Lime’s recent announcement that it would cease dockless bike-share operations in the region leaves a gap in service for locations with demand for bicycle accommodations. MAPC is currently working with municipalities that formerly hosted Lime bikes—Newton, Watertown, Arlington, Chelsea, and Revere—to expand Bluebikes. Bluebikes currently has bike-share stations in Boston, Brookline, Cambridge, Everett, and Somerville.
As the seven TIP projects above break ground over the next year, MPO staff will track how construction improves the PRCA scores at these locations and how the MPO’s capital funding is working to address safety for people walking in the region.

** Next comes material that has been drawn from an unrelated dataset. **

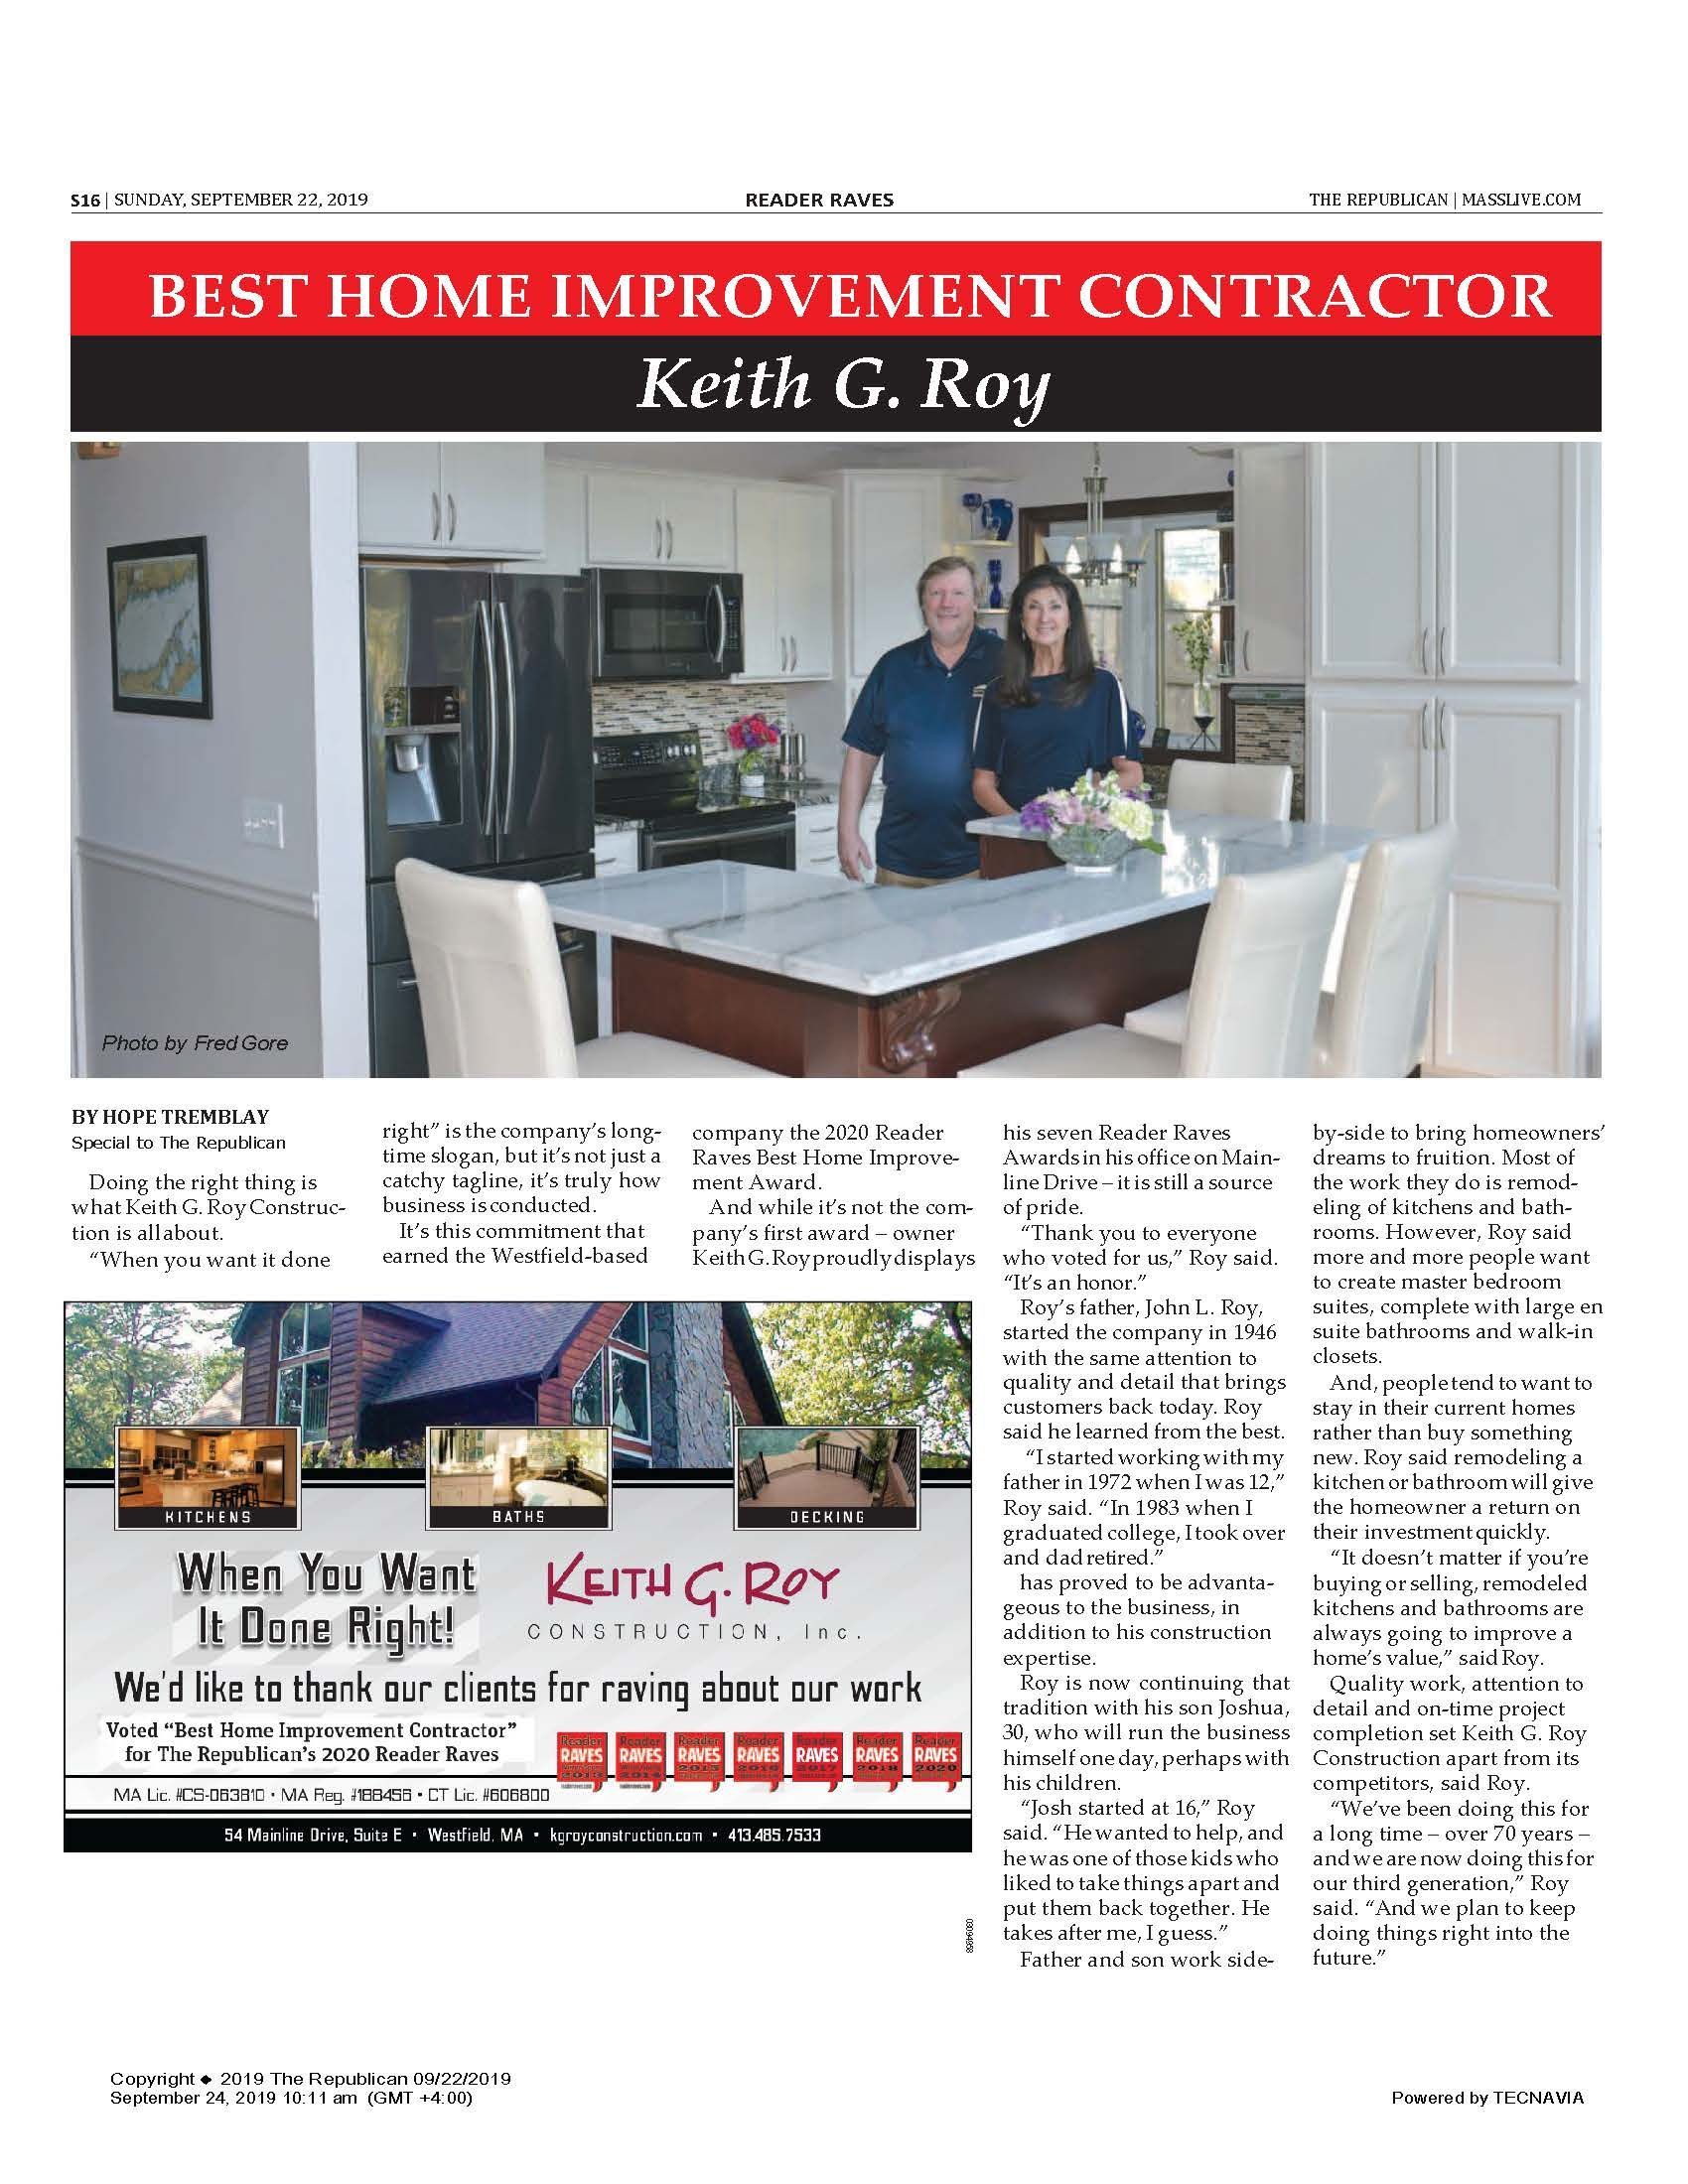 Best Home Improvement Contractor

Visit the PRCA database to see locations that have been evaluated, and score locations in your community using the instructions provided in the How to Score PRCAs manuals. Send your findings to Bicycle and Pedestrian Program Manager, Casey-Marie Claude, and the database will be updated to include your scores. See other work related to bicycle and pedestrian access in the region including a recent report on how customers travel to and from central business districts.
FFY 2019 ended in September concluding a year of research studies and technical work at the MPO. These studies will be presented to the MPO board and will be available on the MPO’s website in the coming months. Keep an eye out for the results of analyses on topics such as reverse commuting, new metrics for roadway usage, and the evolving usage of the curb.